Ань Жюле не страдал от излишней скромности и не был стеснителен, он свободно мог говорить что угодно, но самые сокровенные слова боялся повторять слишком часто. Он боялся, что от слишком частого повторения они сотрутся, потеряют свою значимость, и чувство, которое они выражают, в конце концов остынет. Тем не менее, есть некоторые необходимые слова, на которые не стоит скупиться. Ань Жюле разжал пальцы на его щеке:
- Видишь, я настолько извращён, что готов носить бриллиант, изготовленный из твоих волос. Ты больше не будешь бояться, что я покину тебя?

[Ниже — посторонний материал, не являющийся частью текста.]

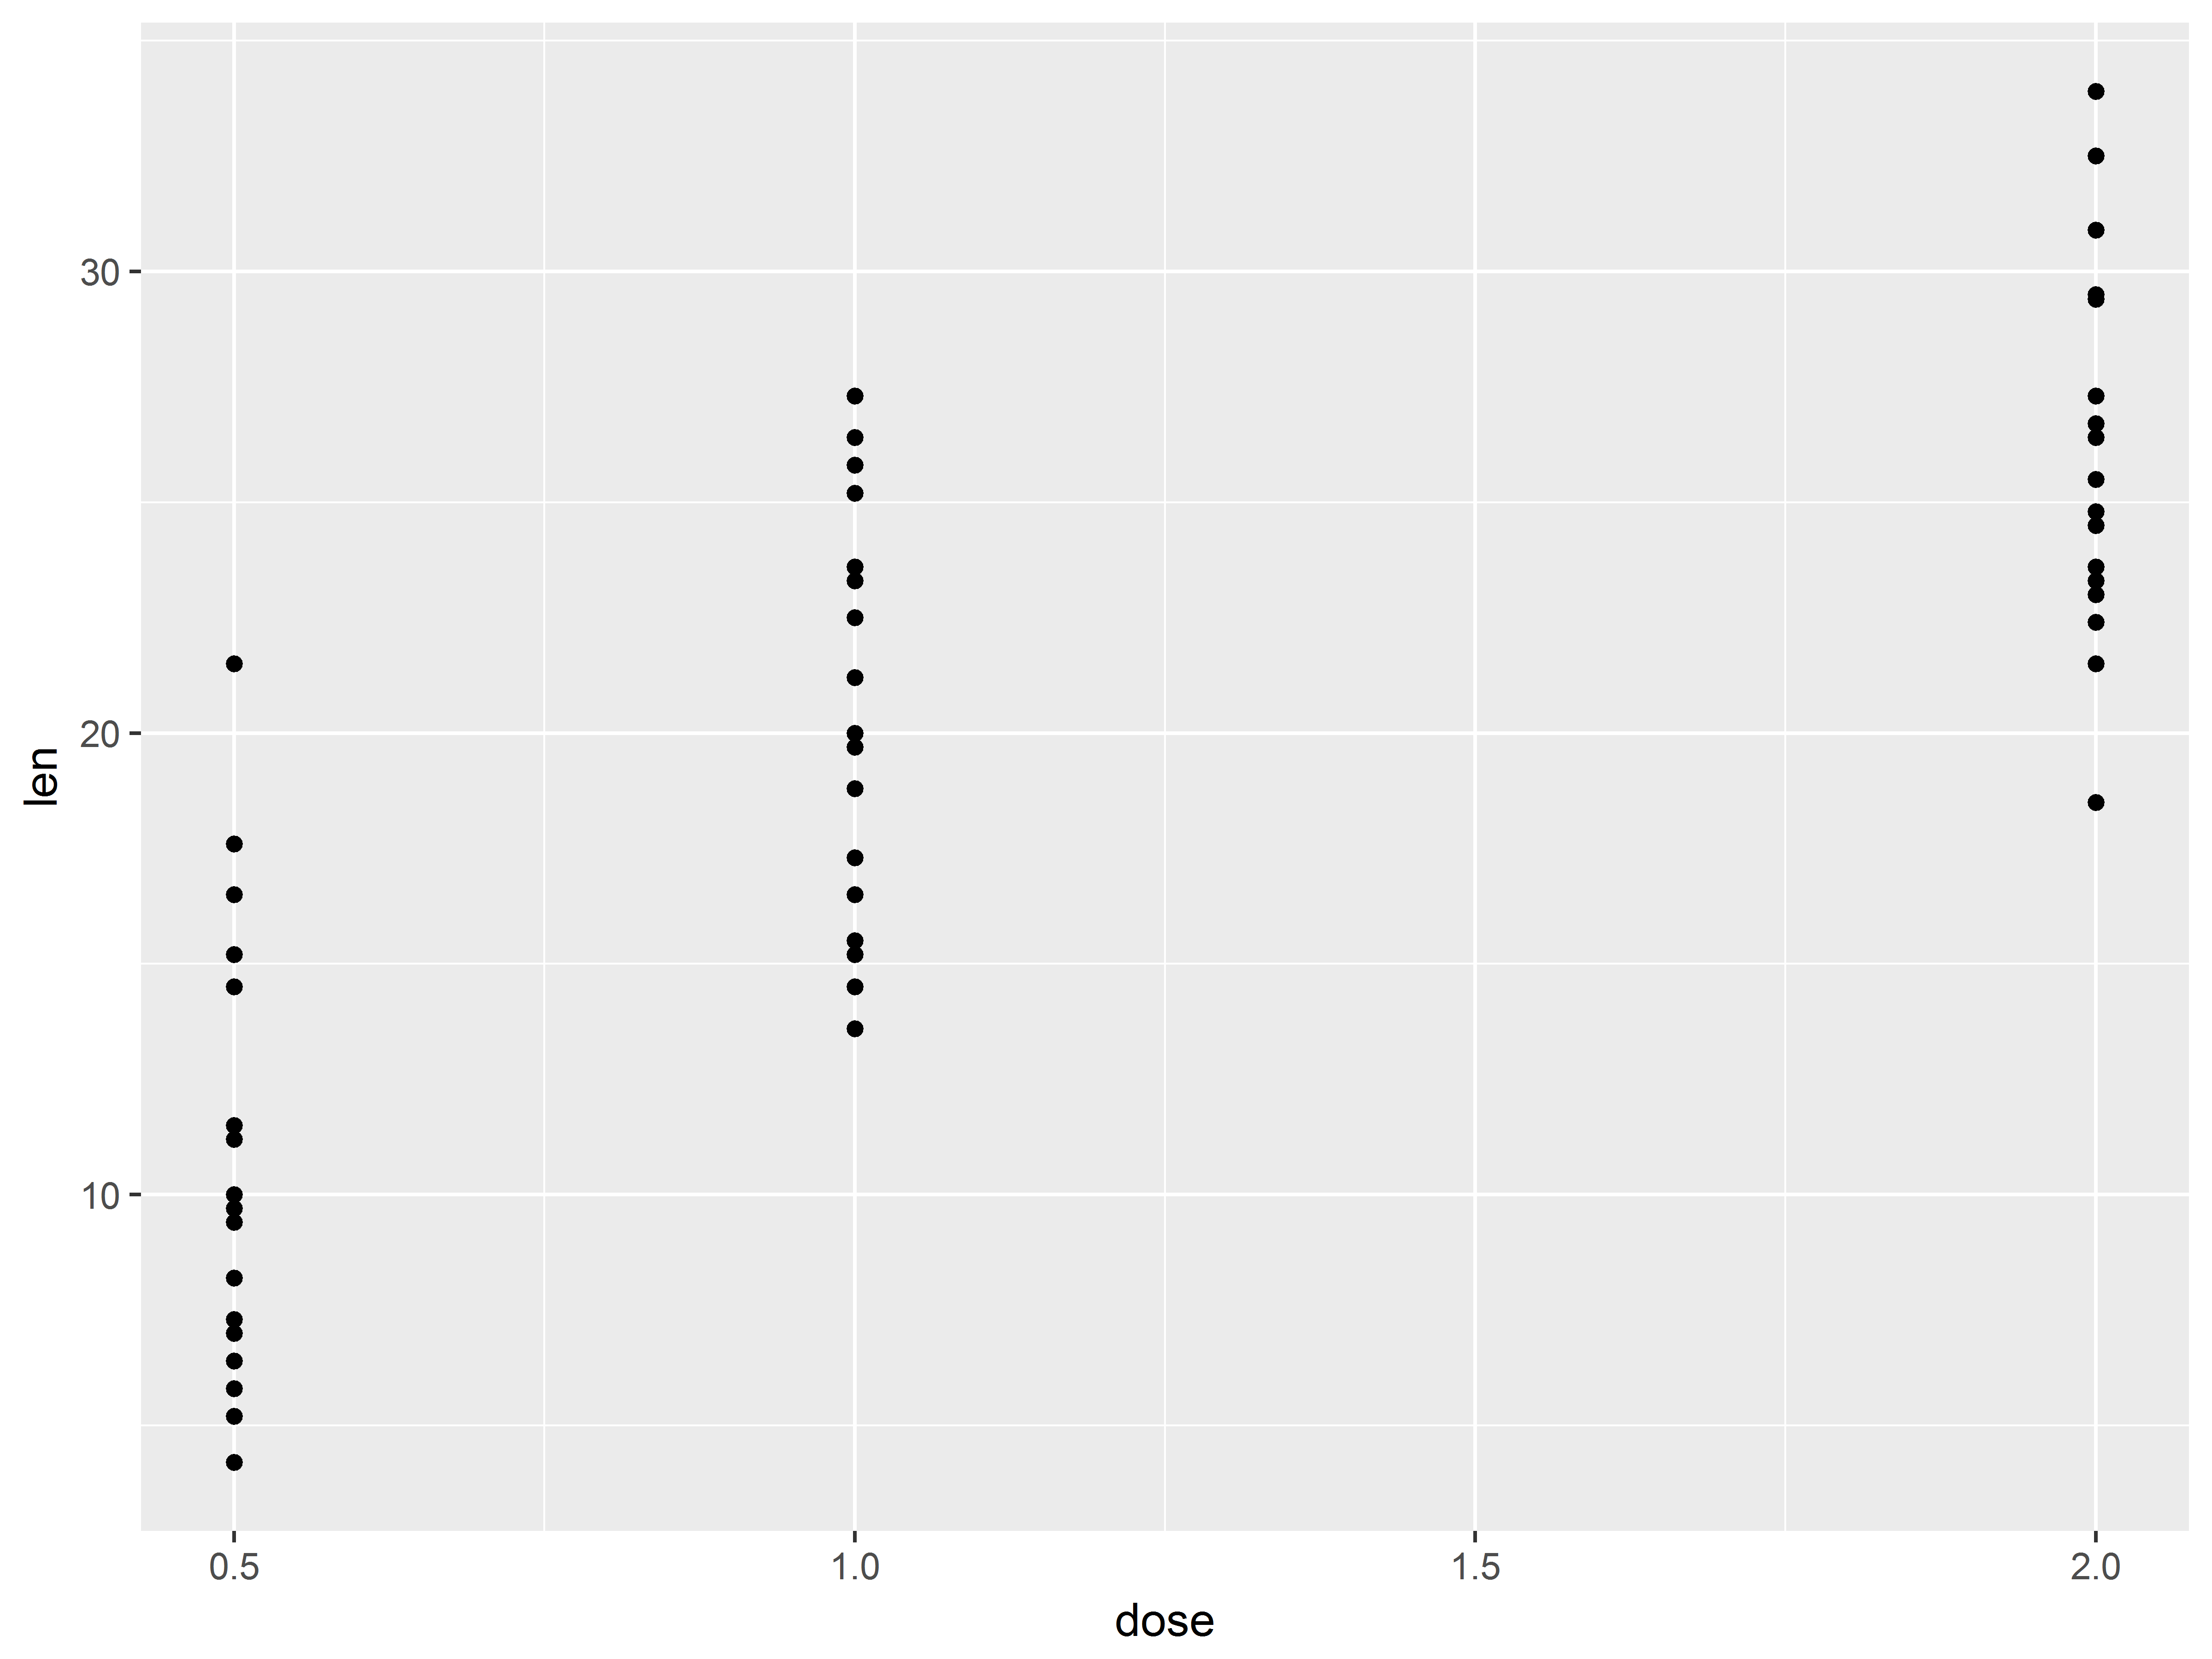 Fig 2.3a dose-len scatter plot

Поддаваясь магии убеждения мужчины, Ду Яньмо чувствовал сумасшедшее сердцебиение, да, чего ему ещё бояться? На этот вопрос он не мог ответить, но он понимал Ань Жюле, потому что сам был такой же: робкий и осторожный, когда дело касалось тайны его сердца. Он тоже боялся, что если проболтается, это снизит долю искренности в их отношениях, боялся, что не сможет удержать любовь партнёра. Бесконечная тревога снедала его изо дня в день.
По сути, эту ситуацию можно выразить одной фразой: они оба слишком много думали и накручивали себя. В юноше Ань Жюле видел себя, как в зеркале, утешая его, он как бы утешал себя:
- Поверь, ты такой хороший, что не любить тебя невозможно, больше не бойся, что я не люблю тебя… Ты можешь уходить, куда тебе хочется, делать то, что ты хочешь, стать тем, кем ты хочешь.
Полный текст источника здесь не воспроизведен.